An event-based window function assigns input rows to windows based on their non-timestamp column values. The Vertica event-based window functions, one of Vertica’s many in-database analytics, assign to each input row an integer value representing the window ID, starting from 0. The window ID is incremented when a new window starts.
Two previous posts discussed Gap Filling and Interpolation (GFI) time series analytics in Vertica and some use cases. GFI analytics groups the input rows according to consecutive uniform time intervals referred to as time slices, and then performs gap filling and interpolation on the group of rows associated with each time slice. We say the grouping of the input rows in GFI is time-based.
In some use cases, however, the rows in the input time series data need to be grouped according to certain column values, instead of their timestamps. For example, given an input stream of MSFT stock quotes, the stock analyst may want to place the input quotes into a new group whenever the spread (the difference between the ask price and the bid price) goes above $0.05. If we view each such group as awindow of events, then the window endpoints are defined by the occurrence of certain event types. In the above example, the window border-defining event type is a stock quote whose spread is above $0.05.
The above Financial Services query example can be formulated as follows.
SELECT symbol, ask, bid, timestamp, CONDITIONAL_TRUE_EVENT(ask – bid > 0.05) OVER (PARTITION BY symbol ORDER BY timestamp) spread_window_id
The Almighty Event-based Window Function CONDITIONAL_TRUE_EVENT
The primary event window function in Vertica 4.0 time series analytics is CONDITIONAL_TRUE_EVENT, which we abbreviate as CTE in subsequent text. CTE takes an input Boolean expression P (P for predicate). P is evaluated once for each input row. When P is evaluated to true, the associated input row is labeled with a new window ID.

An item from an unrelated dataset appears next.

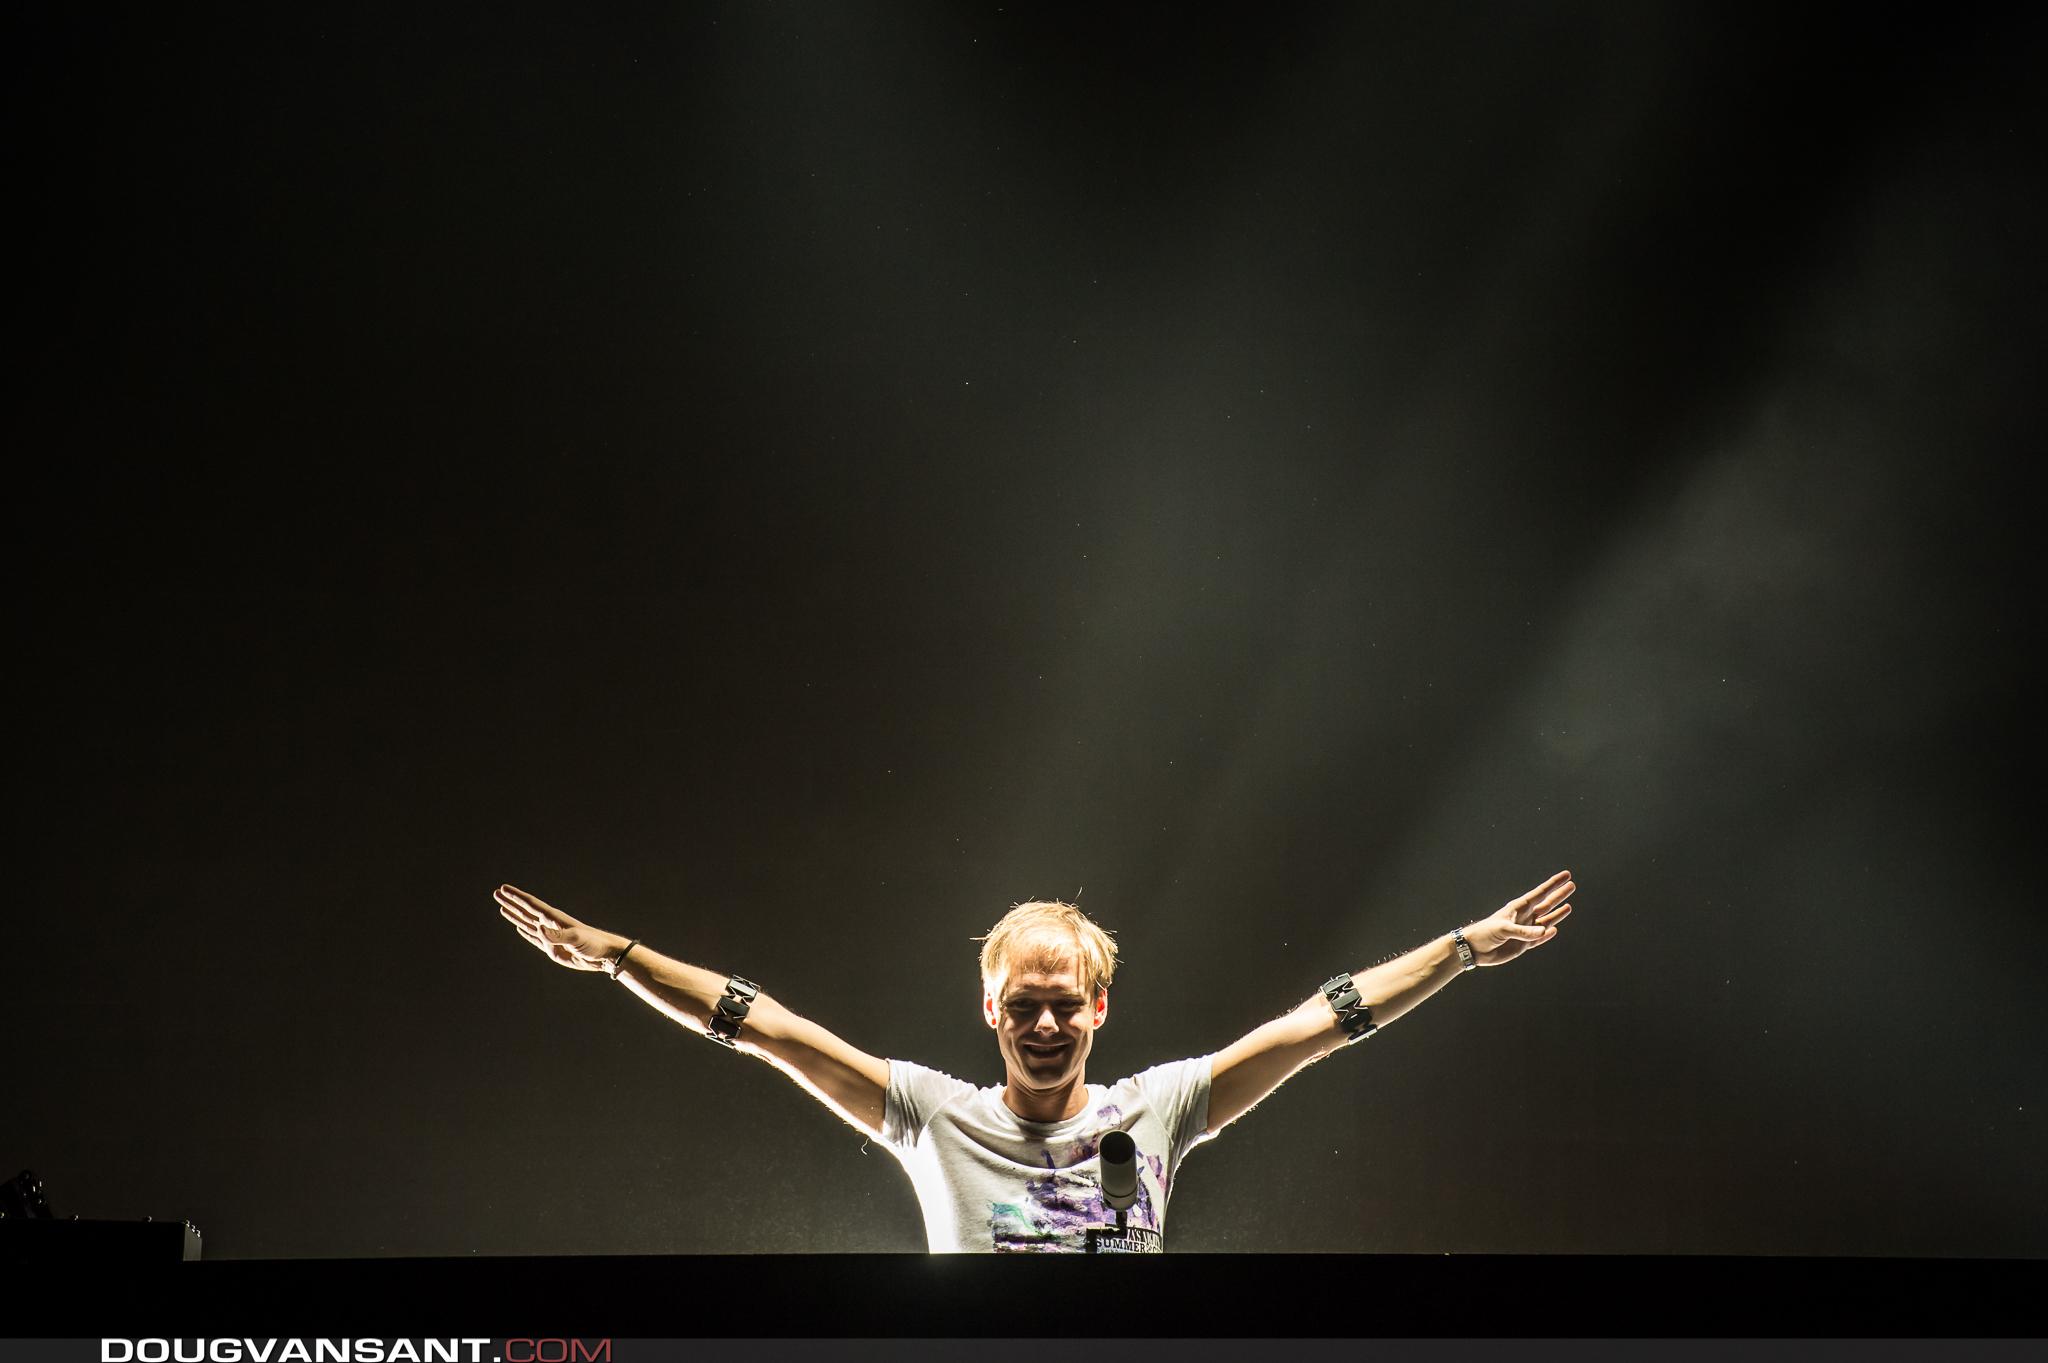 Armin van Buuren is set to take on Ultra with his ASOT stage this weekend. Photo: Doug Van Sant

Below is a pictorial example illustrating the semantics of CTE. Let the input Tickstore table contain the following rows (the ask column is omitted for simplicity). Ignore the output column window_id for now.
Now let us answer the following query. The values of its output column window_id are shown in the above table.
SELECT symbol, bid, timestamp, CONDITIONAL_TRUE_EVENT(bid > 10.6) OVER(PARTITION BY symbol ORDER BY timestamp) window_id
The input and output data can be visualized in the following figure. The blue dots represent the input rows. Whenever the bid price goes above the threshold value $10.6, the output window_id is incremented.
Accessing Previous Rows in Event-based Window Functions
In the example of event-based window functions provided above, the Boolean expression P within CTE only accesses values from the current row. However, sometimes the window border-defining event type involves a sequence of recent past rows as well as the current row. For example, we may want to define a new window whenever the average value of bid and ask in the current row is above that in the last row. This Boolean expression can be formulated in Vertica as (bid1 + ask1) / 2 – (LAG(bid1) + LAG(ask1))/2 > 0. More generally, we use the analytic functional syntax LAG(x, n) to retrieve the value of column X in the nth to last input row. The second parameter n is optional, and defaults to 1.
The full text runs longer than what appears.